For an inverse reason, Hell would be the most dreadful of places, because all that one has is time, time, time, but no way of “redeeming the time,” no way to make it open up to love and truth, which one has existentially rejected by rejecting God, the fullness of Being. St. Thomas says: “Heaven is ruled by eternity, Hell is ruled by time.” The sinner has no more than his wretched old self, which needs the Other but cannot possess the Other, because the self has excluded the Other by worshipping itself. The thirst for divine Light, the ekstasis towards God for which our immortal souls were made, having been refused on earth, is forever frustrated in the regions of darkness. This is really what we mean by the hopelessness of Hell, the “abandon all hope” of Dante. Hope is the virtue that causes us to open our future to God, to a future with God, in His embrace. If we have no hope, we are already living on the outskirts of Hell. It is a fitting punishment for anyone who would worship the time-bound creature above the eternal Creator. He who worships the temporal is justly deprived of the eternal.

Although she is made up of millions of souls, we speak of our Church in the singular: she is the Bride of Christ. She is plurality led back to unity, a multitude bound together by the power of one Lord, whose singular glory is the highest good and most intimate possession of all the members. Heaven is a true, indeed the only perfect, society: its majestic variety streams from the Holy One, the many have their appointed place in fraternal bonds of everlasting love.

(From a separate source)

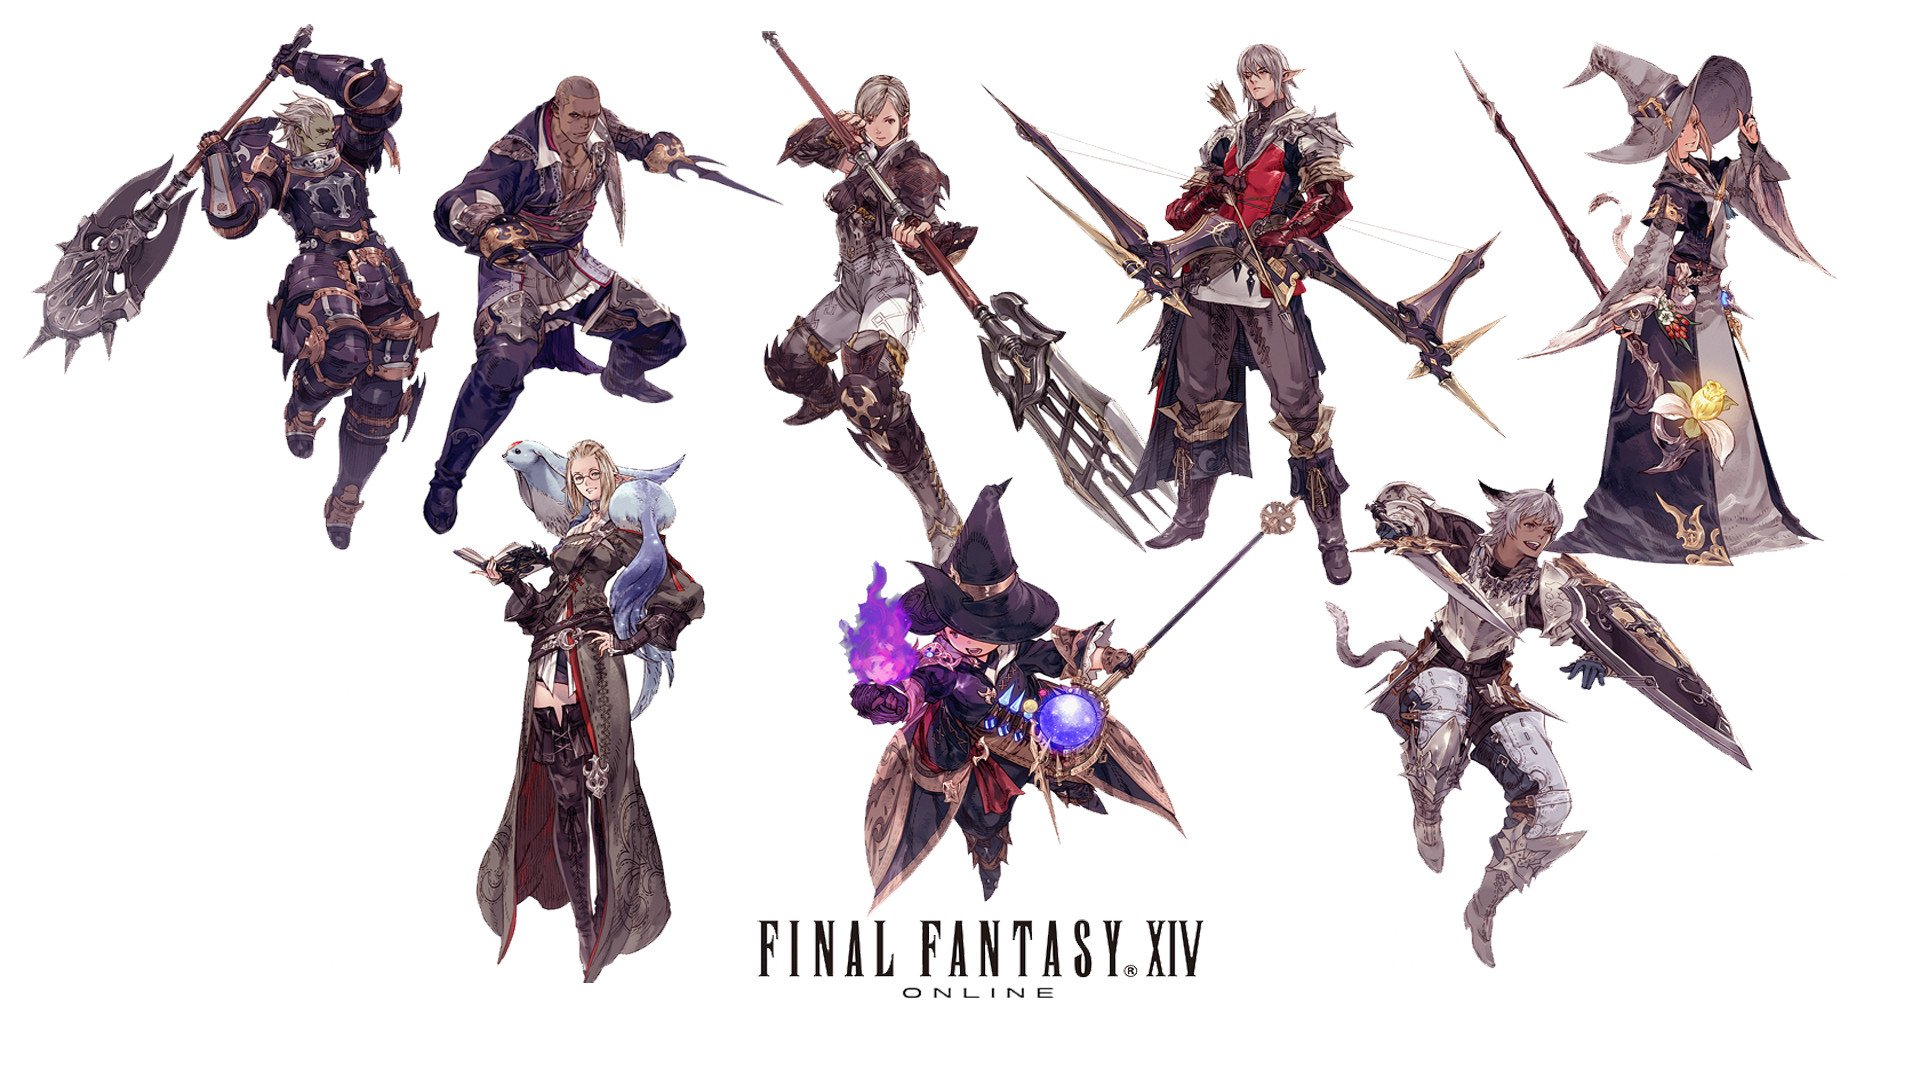 Final Fantasy Xiv A Realm Reborn Fantasy Art Wallpapers: Final Fantasy Realm Reborn Wallpaper

Those who are united with Christ will form the community of the redeemed, “the holy city” of God, “the Bride, the wife of the Lamb.” She will not be wounded any longer by the sin, the stains, the self-love, that destroy or wound the earthly community. The beatific vision, in which God opens Himself in an inexhaustible way to the elect, will be the ever-flowing wellspring of happiness, peace, and mutual communion. (CCC 1045)

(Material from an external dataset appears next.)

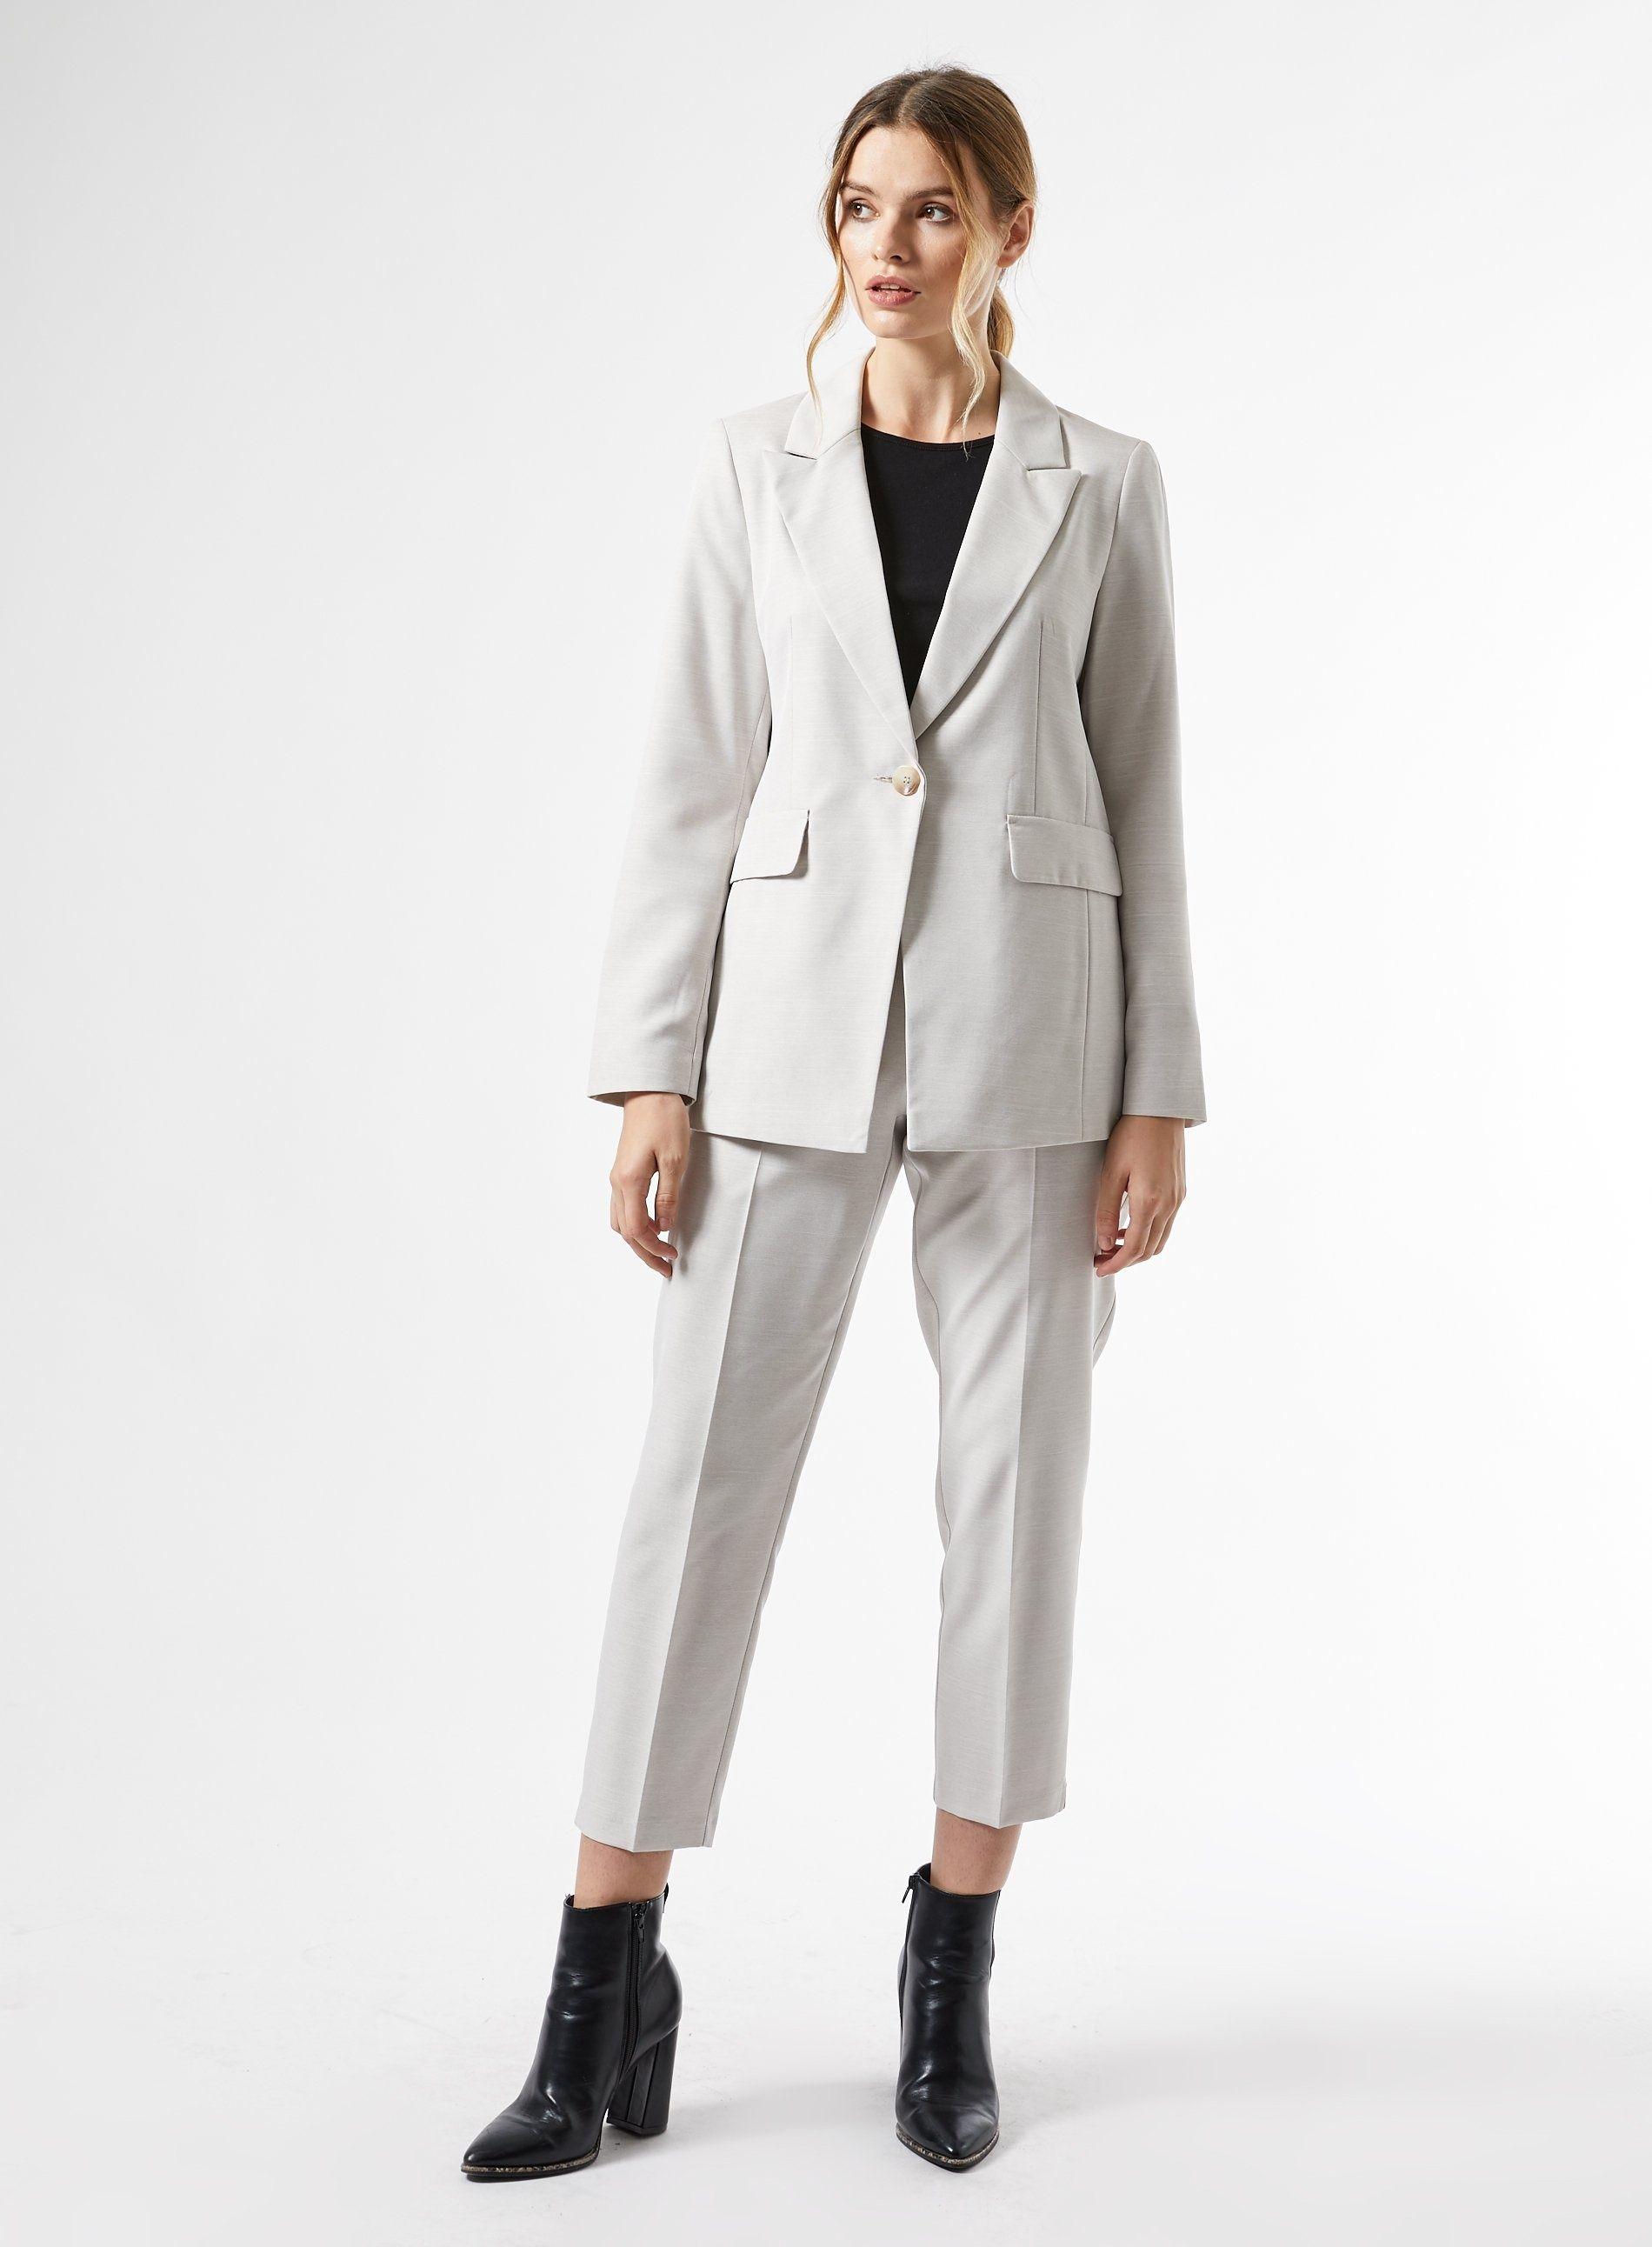 Dorothy Perkins Womens Grey Blazer Jacket Long Sleeve Collar Outerwear Top

In Hell, on the contrary, there is no society—only individuals. It is the triumph of individualism. They stand in disarray, like an abstract painting, formless and void of meaning; they feel no sympathy, they receive no compassion. And out of these individuals an accidental unity arises: all are heaped into a pile of misery, each is equally alone in the company of solitaries. Hell is a mockery of society: the damned are together but cannot communicate, cannot love, cannot pursue a common good. The Catechism defines Hell as the “state of definitive self-exclusion from communion with God and the blessed.” A tyrannical ego pronounces the death-sentence upon itself, and remains the guarantor of its own solitude.

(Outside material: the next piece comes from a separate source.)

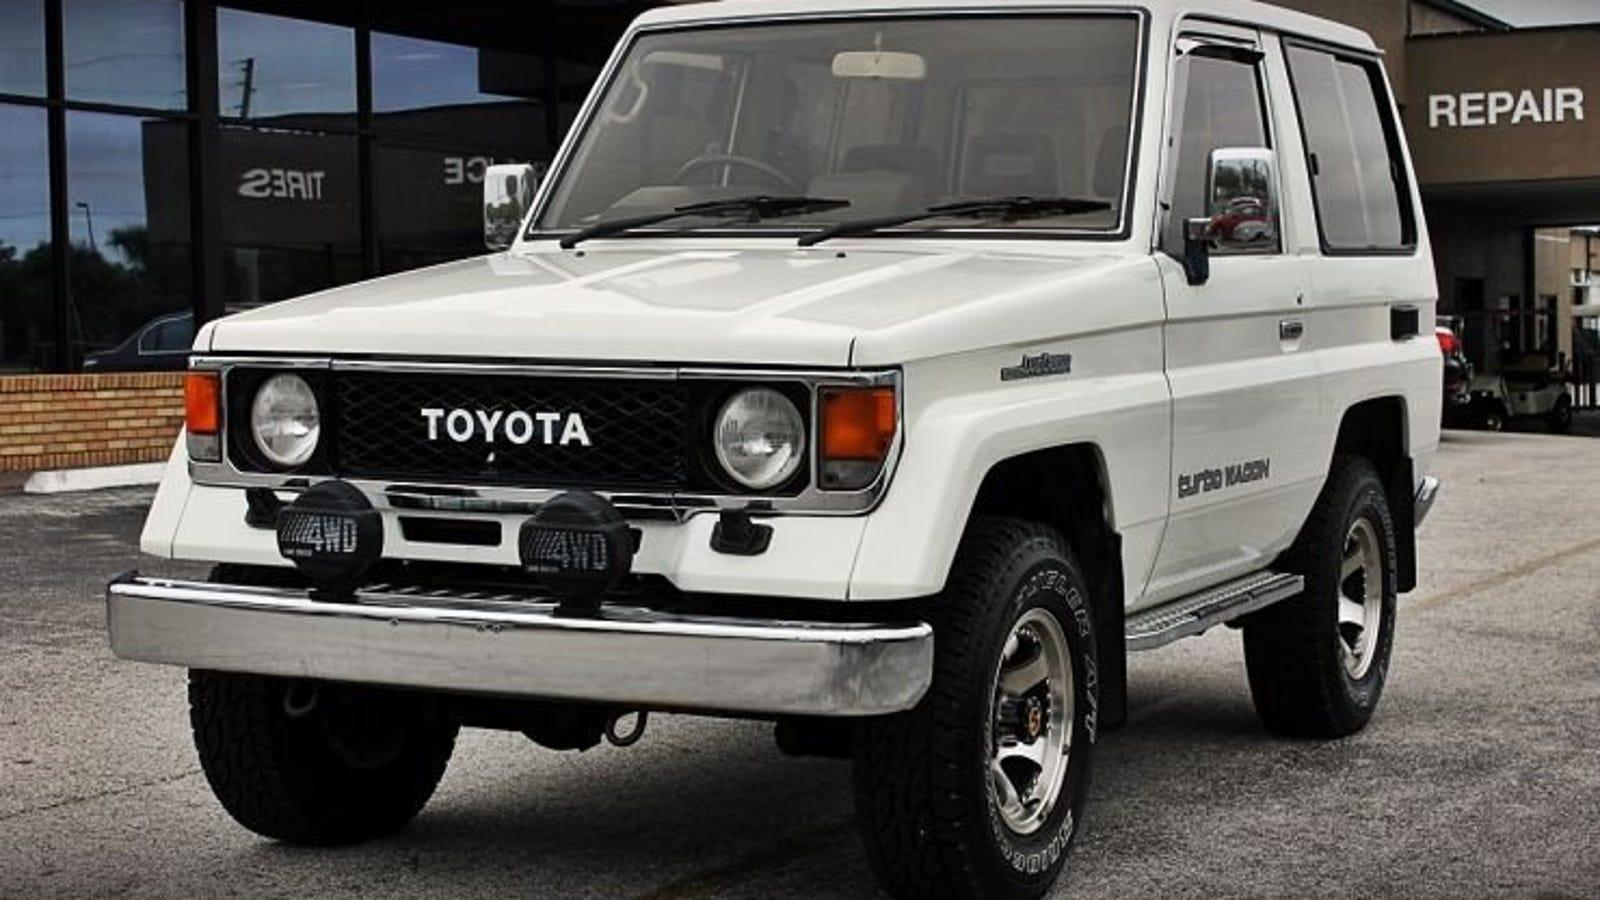 Toyota Land Cruiser J70 >> Npocp 1987 Toyota Land Cruiser J70 2 Door Turbo Diesel 19 975

As St. Robert Bellarmine writes, “We [who serve the Lord]  shall really see the good things of the heavenly Jerusalem all the days of our life, which will have no end, as will the wicked see the evil things of Babylon all the days of their everlasting death.”[6] Let us cry out, with so many of the saints: Lord, save us from ourselves! And restore in us the image of Your Son, that we may rejoice with You forever. Amen.


(This series includes material originally published in The Catholic Faith, vol. 5, n. 2, March-April 1999. Originally published at OnePeterFive in December MMXV).

[1] See Gabriel Marcel, The Mystery of Being, vol. I: Reflection and Mystery, trans. G. S. Fraser (Chicago: Henry Regnery, 1960), 204 et seq.

[2] Marcel, The Mystery of Being, vol. II: Faith and Reality, trans. René Hague (Chicago: Henry Regnery, 1960), 194.

[3] Mystery of Being, vol. II, 36.

[4] See Wojtyla’s profound analysis of shame in Love and Responsibility.

[5] CCC 1021: “Death puts an end to human life as the time open to either accepting or rejecting the divine grace manifested in Christ.”

[6] A Commentary on the Book of Psalms, trans. John O’Sullivan (Fitzwilliam, NH: Loreto Publications, 2003), 339.